Guardian's 2025 Charity Appeal Champions Hope Against UK Division
Guardian launches 2025 charity appeal for community hope

The Guardian has launched its annual charity appeal for 2025 with a powerful and urgent focus on fostering hope and community resilience in the face of escalating social division and hatred across the UK.

A Direct Response to a Toxic Climate

Launching on Friday, the appeal arrives during what the newspaper describes as a year marked by unsettling social division, anger, and unrest. The backdrop includes a rise in extremist violence and rhetoric, intense demonisation of migrants, and far-right activists marching in streets. The resurgence of what is termed "1970s-style racism" has also seen NHS nurses, care workers, and charities facing abuse.

Against this toxic climate, the appeal's theme is unapologetically hope. It will support five grassroots charities operating at the heart of local neighbourhoods: Citizens UK, The Linking Network, Locality, Hope Unlimited Charitable Trust, and Who is Your Neighbour? These organisations are selected for their work in nurturing community pride and driving positive change, offering a vital antidote to polarisation and distrust.

Root Causes and Grassroots Solutions

The appeal highlights the profound challenges many communities face, including eroded public services, lost communal spaces, and damaged civic infrastructure.
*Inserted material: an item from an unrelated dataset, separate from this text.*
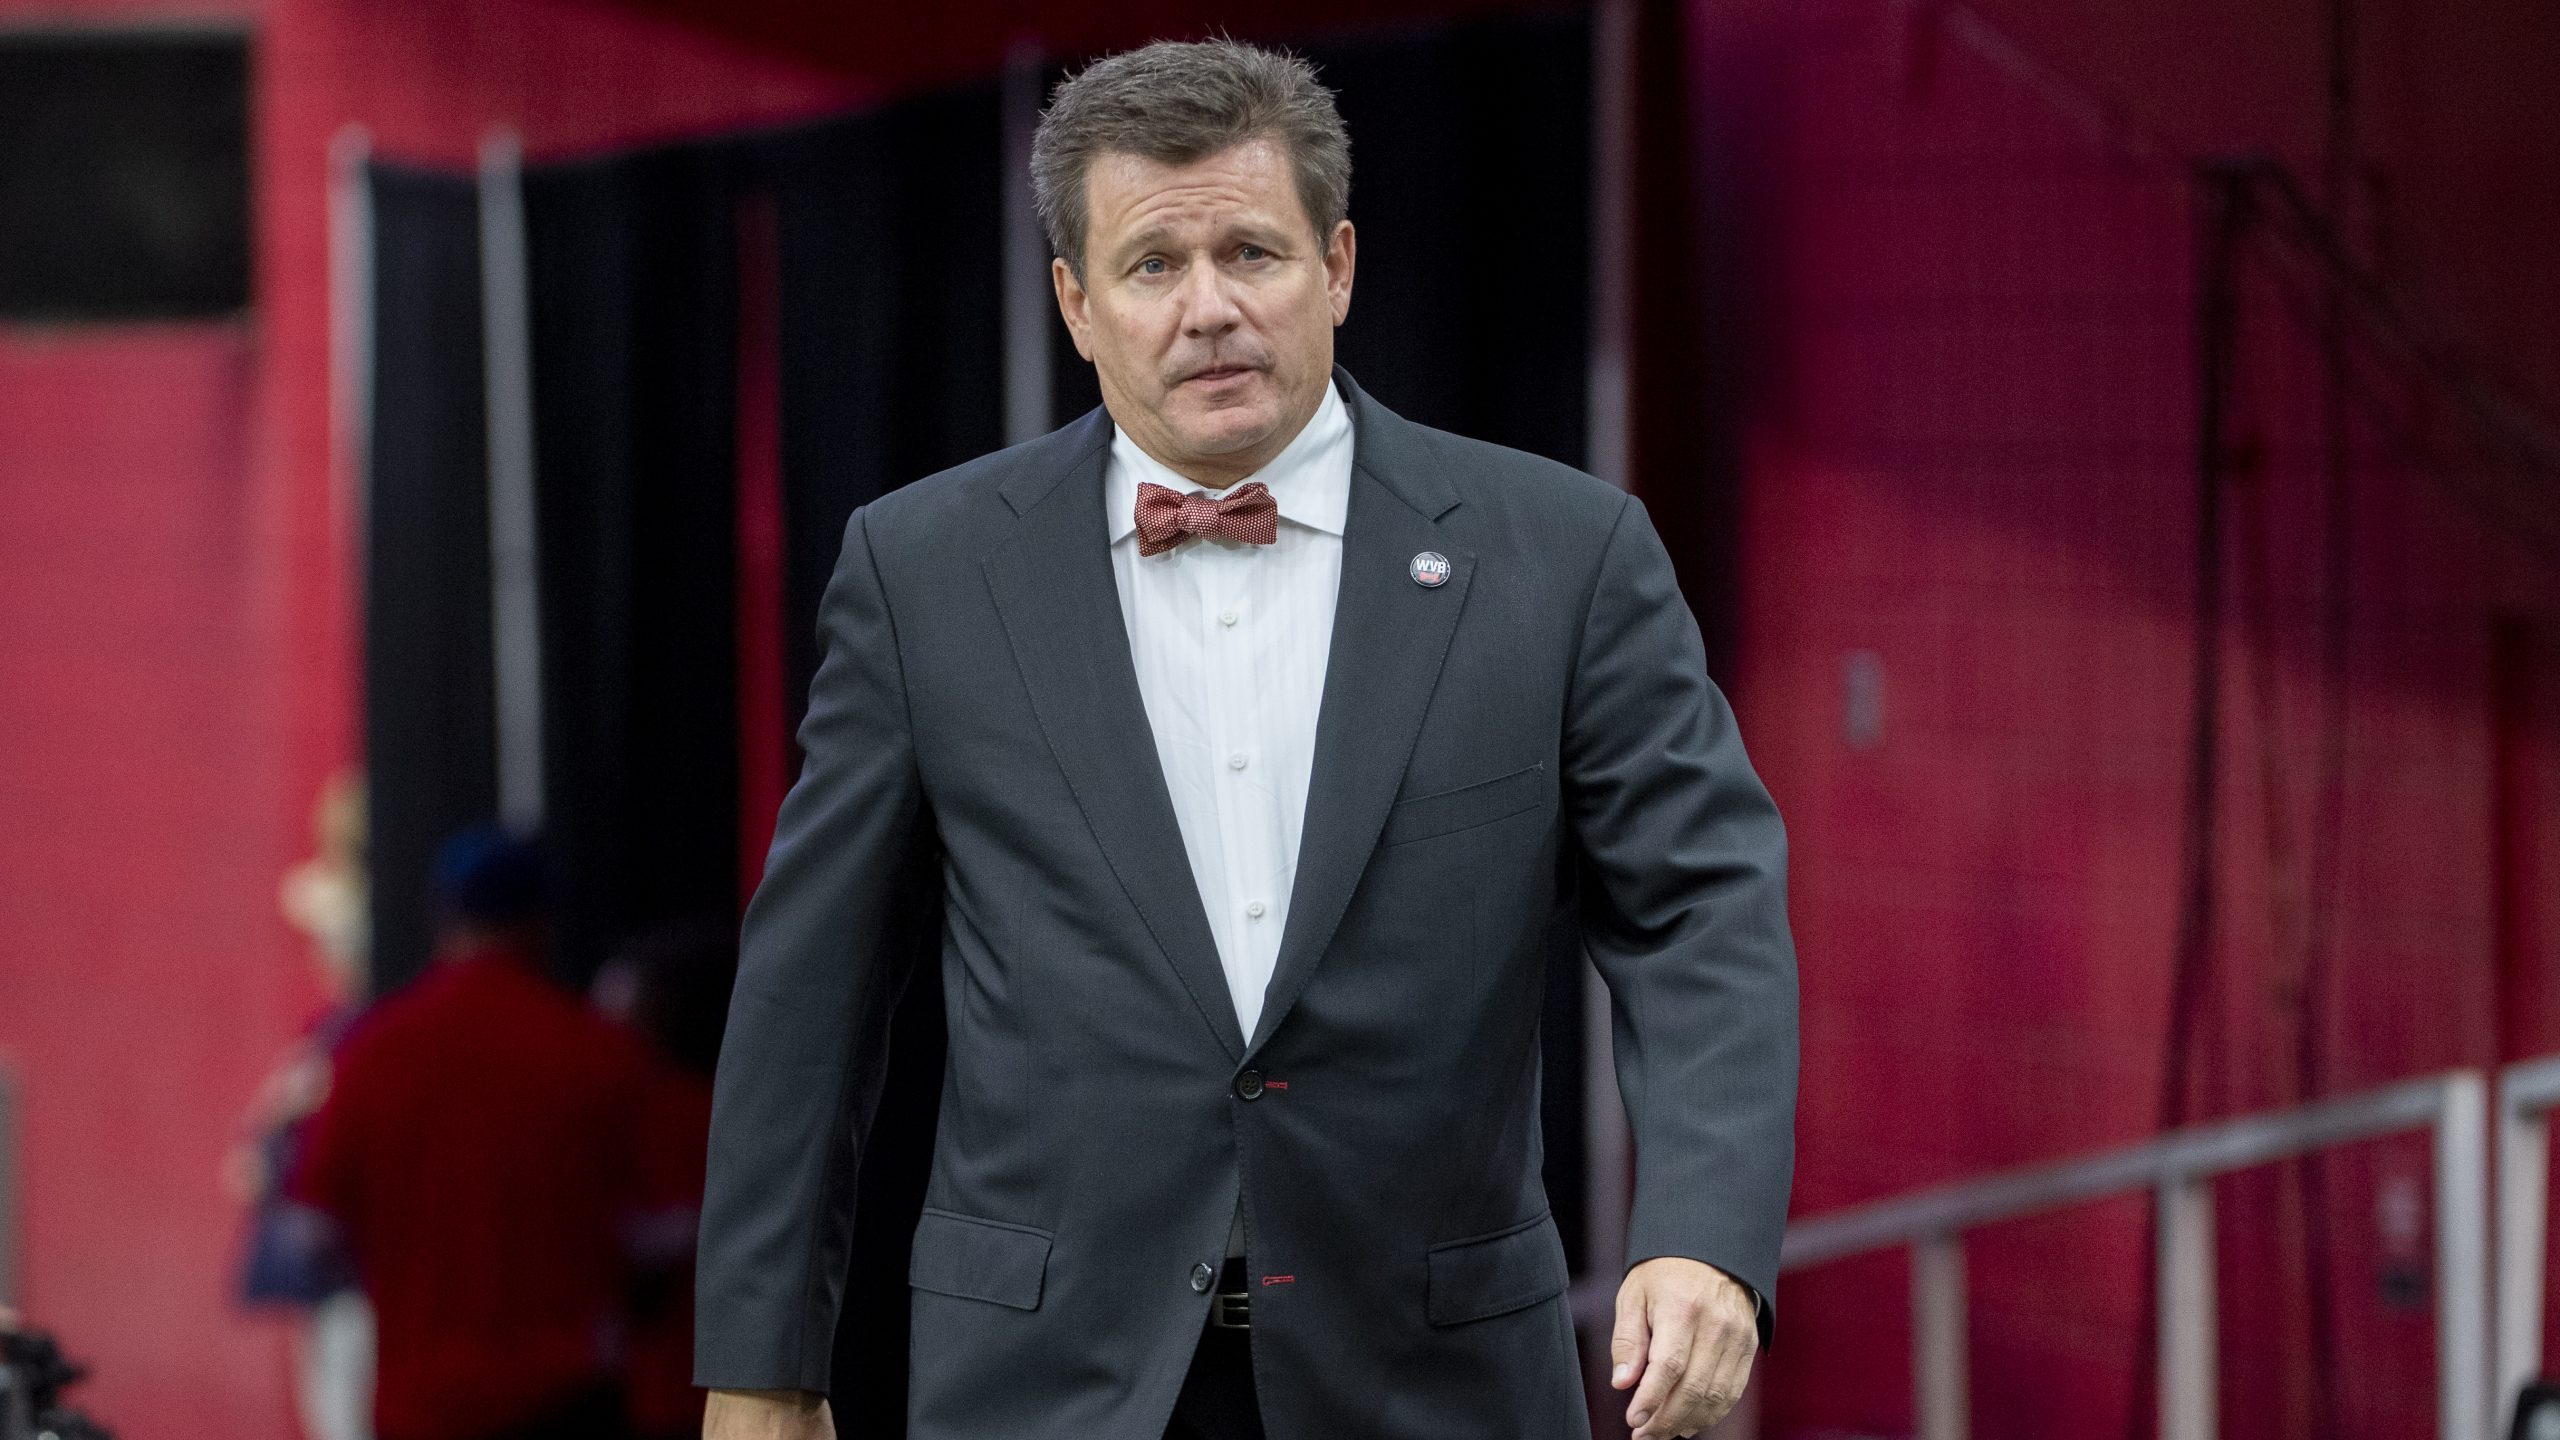 Arizona Cardinals president Michael Bidwill walks onto the field prior to the NFL game between the ...

Rising inequality, driven by austerity and a broken economic model, has fostered deep-rooted poverty and resentment for many, while shattering dreams of a better future for others.

Compounding these issues is fragile trust in institutions, the distortion of public debate by misinformation and conspiracy theories, and growing intimidation and violence against minorities. "It can feel frightening, and bleak," the appeal acknowledges.

However, the work of the partner charities provides concrete examples of a different path. Operating in some of the UK's most economically deprived areas, they:

  • Campaign for better housing, improved health services and thriving high streets.
  • Help restore abandoned libraries, parks, and community centres.
  • Run food banks, jobs initiatives, youth clubs, arts projects, and refugee welcome schemes.

Their approach is locally led, built on respectful conversations, and focused on bringing together neighbours of different cultures and faiths to find common values. "They make connections and build relationships, hope and resilience," the appeal states.

How to Support the Appeal

The Guardian is calling on its readers to donate generously to support these five charities. The charity appeal telethon will take place on Saturday 13 December, where Guardian journalists will take calls and donations. Furthermore, The Guardian Bookshop will donate 20p from every order received until 31 December to the appeal.

Over the past decade, Guardian readers have raised an incredible £15m for good causes through the annual appeal, supporting themes from child poverty and the climate crisis to refugees and victims of war.

While charity alone cannot fix societal divisions or extreme inequality, the appeal serves as a showcase of what is possible and a tribute to voluntary efforts that transform lives. As the partner charity Locality puts it: "Our communities are the beating heart of a fairer society and a defence against hatred... Now, more than ever, we must invest in hope."